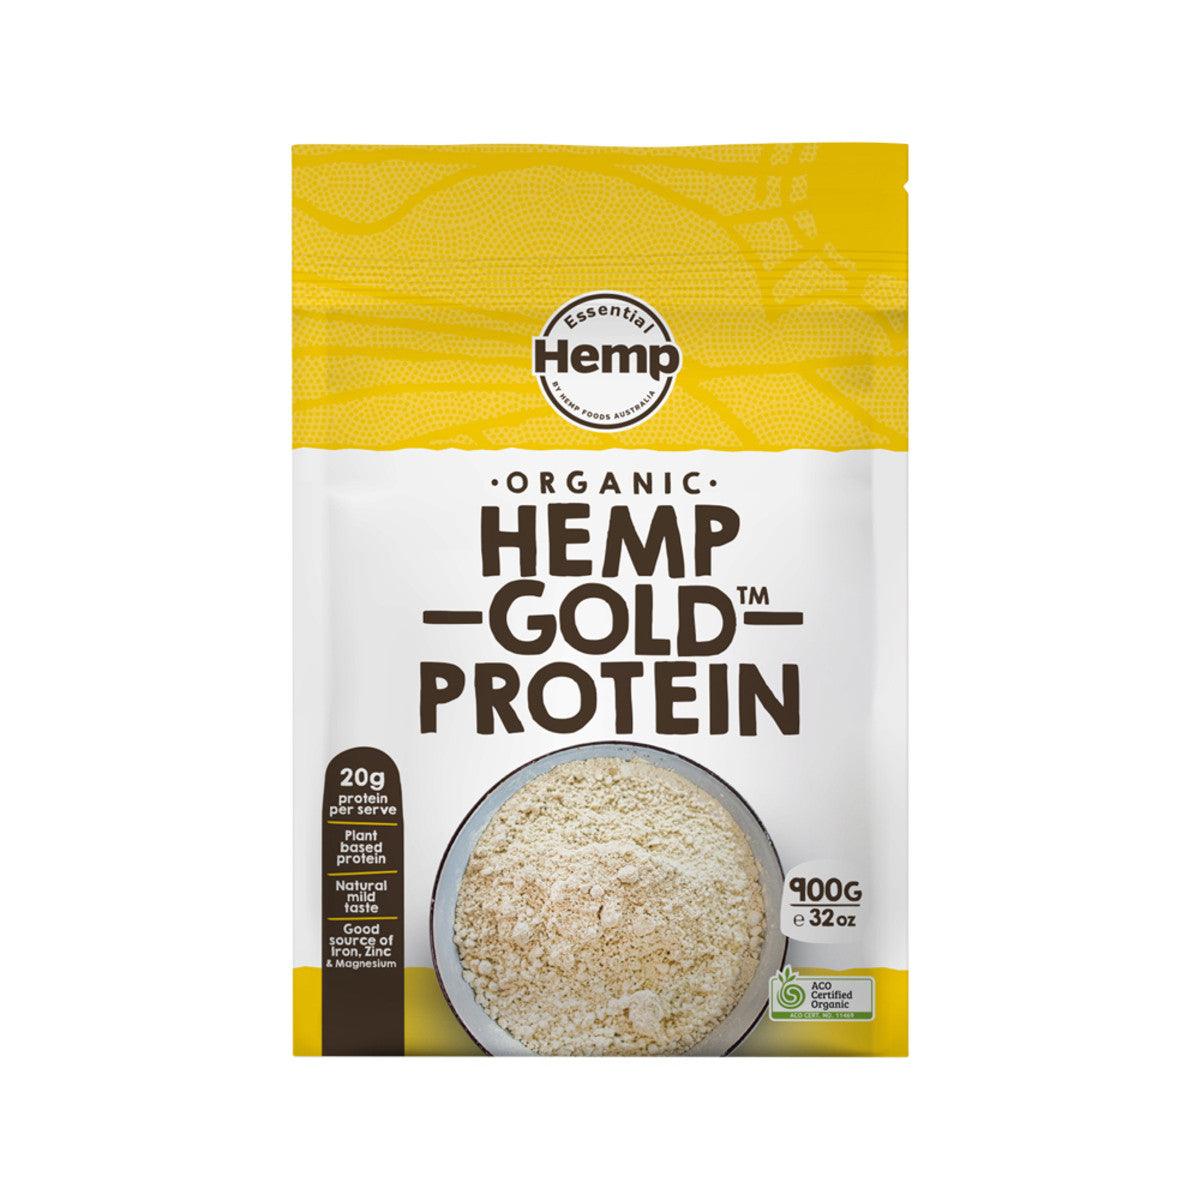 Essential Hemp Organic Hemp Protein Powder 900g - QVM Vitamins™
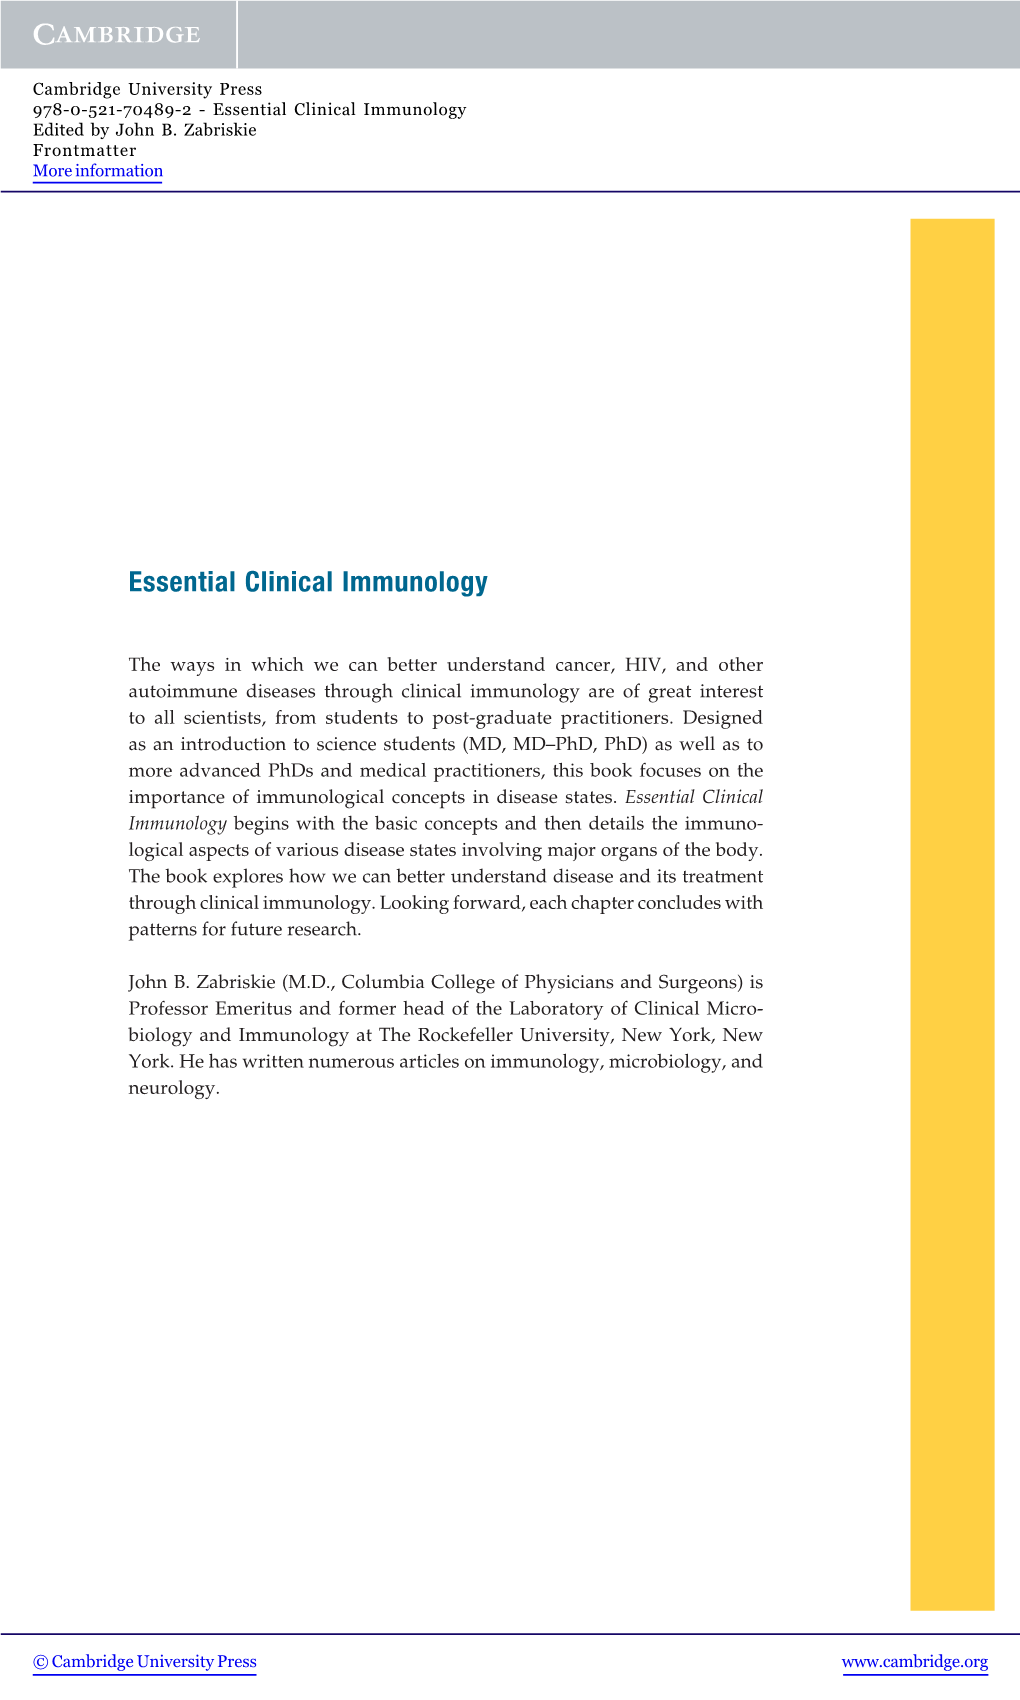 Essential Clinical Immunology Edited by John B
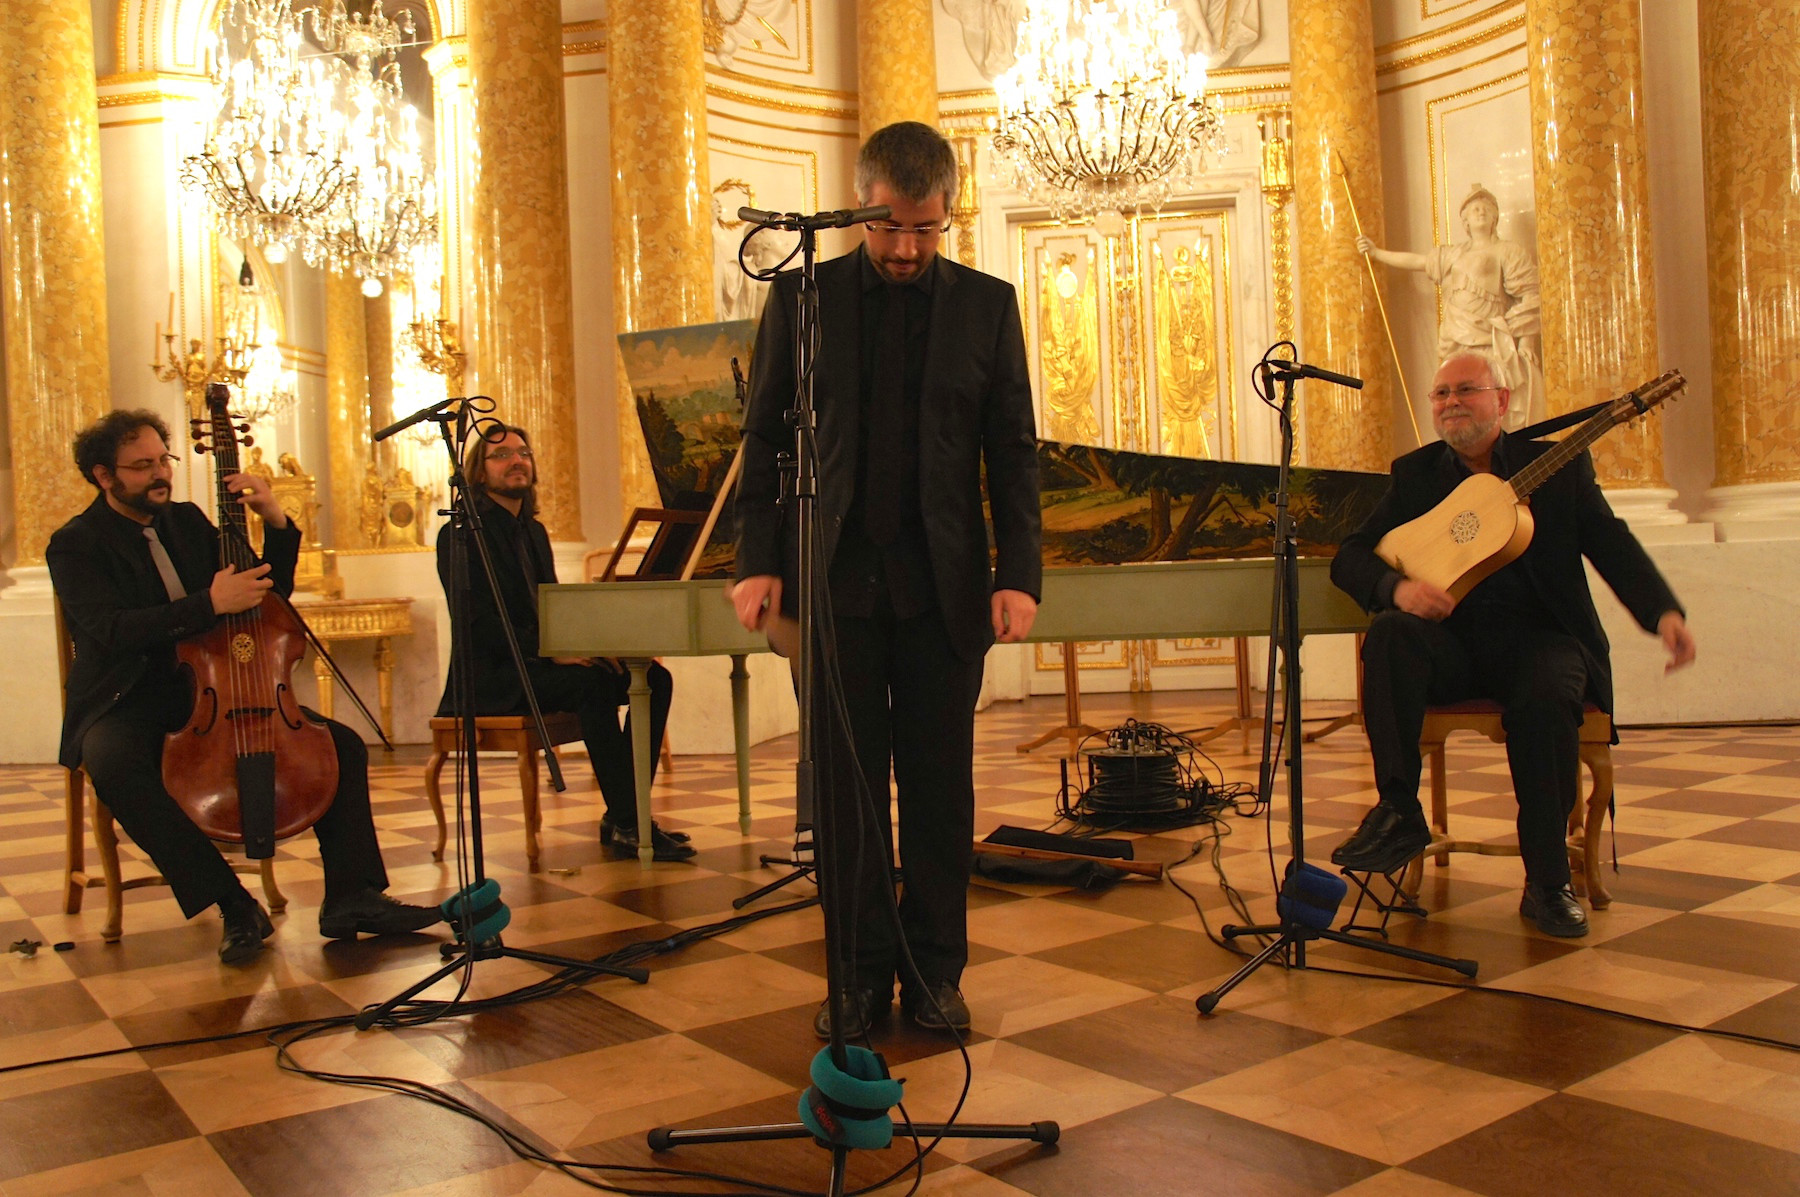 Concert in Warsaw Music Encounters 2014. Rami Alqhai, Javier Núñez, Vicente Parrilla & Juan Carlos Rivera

----------

THE TASK:
Leaving out all pictures, repeat word for word the lines from the one containing "Essential Clinical Immunology" through the final line of the material above.

YOUR SOLUTION:
 Essential Clinical Immunology Edited by John B
 Concert in Warsaw Music Encounters 2014. Rami Alqhai, Javier Núñez, Vicente Parrilla & Juan Carlos Rivera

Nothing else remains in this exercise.